La société Française, cela n’existe plus

GSM

J’ai souvent fustigé l’espèce de fracture sociale dont l’un des symptômes les plus immédiats et visibles est cette façon de mépriser et d’ignorer l’autre, cette façon de se considérer supérieur, cette façon de rabaisser, cette façon de snober, de parader, sur le mode « j’étale ce que je suis pour monter que vous n’êtes rien », cette façon de se regrouper par tranches très étroite simplement par le niveau de revenu.
On me rétorquera que cela a toujours existé. Bien sur. Le problème est que le phénomène s’accentue de plus en plus…
 
Mes arguments ne valent pas démonstration, mais quand je me replonge dans mes années de jeunesse, j’ai énormément d’exemples de la différence de comportement de l’époque par rapport aux années maudites que nous vivons…
 
Dans les années 56-58, alors que nous avions emménagé dans une ancienne remise de calèches retapée par mon père qui était un artisan modeste avec pas beaucoup de travail, notre voisin du dessus était directeur de banque en Afrique. Il venait en vacances tous les ans avec sa famille et nous invitait souvent à déjeuner ou pour l’apéritif. Nous entretenions des relations très amicales et faisions tous bien attention de ne pas faire de tapage ou bien alors nous nous excusions et ce dans les deux sens. J’étais l’ami, presque le frère, de leur fils qui avait un an de plus que moi…
 
Dans les années 59 à 69 nous avions déménagé dans une autre maison. Bien que nous fûmes les plus pauvres de l’avenue (c’était une impasse de 200 mètres de long, mais avenue cela fait plus chic dans un quartier résidentiel) avec 8 maisons dont 5 étaient de vastes propriétés très cossues). Nous nous avions la maison la plus moche et mon père était toujours petit artisan avec pas toujours assez de travail…

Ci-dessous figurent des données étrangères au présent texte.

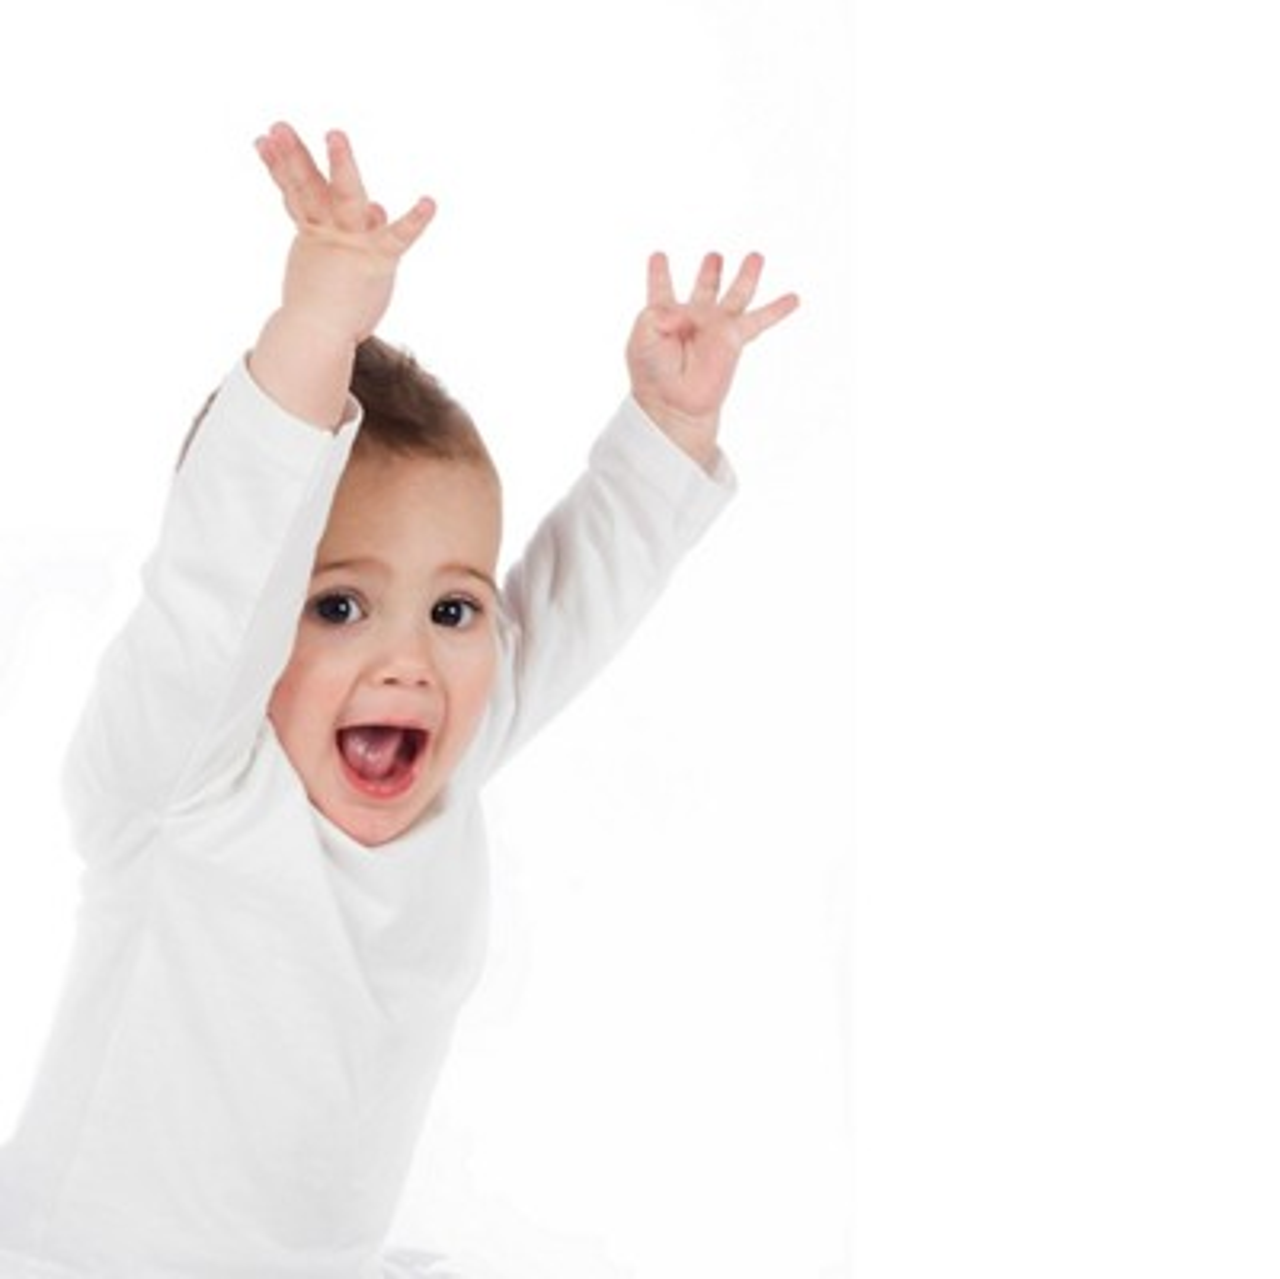 Toddler hands up

Mon père entretenait des relations très amicales bien qu’empreintes de respect avec un voisin, vénérable commandant de la marine marchande à la retraite, très fortuné et qui n’hésitait jamais à engager la conversation et à boire l’apéritif.
 
Le voisin de l’autre coté possédait au Gabon une exploitation de bois rouge et revenait plusieurs fois par an voir sa femme et ses enfants. Bien que cousus d’or, ces gens nous invitaient sans cesse, un de leur fils était mon copain, un autre était l’ami de mon petit frère. Jamais nous n’eûmes de problème de voisinage, c’était l’entente cordiale…
 
Le voisin d’en face… Un jour en 1959 environ, mon père et quelqu’un d’autre (oncle ou grand-père) essayaient de hisser un réservoir métal pour constituer un château d’eau… Mais la force musculaire était insuffisante… Mon père avisât le jardinier en short qui taillait la haie de la grosse propriété d’en-face et lui demandât un coup de main… Celui-ci acceptât tout de go et le travail fut fait avec beaucoup d’efforts physiques et puis une bonne bière après, à la bonne franquette… Au moment de lui donner un pourboire, le jardinier refuse… C’était lui le milliardaire propriétaire de la vaste villa d’en-face !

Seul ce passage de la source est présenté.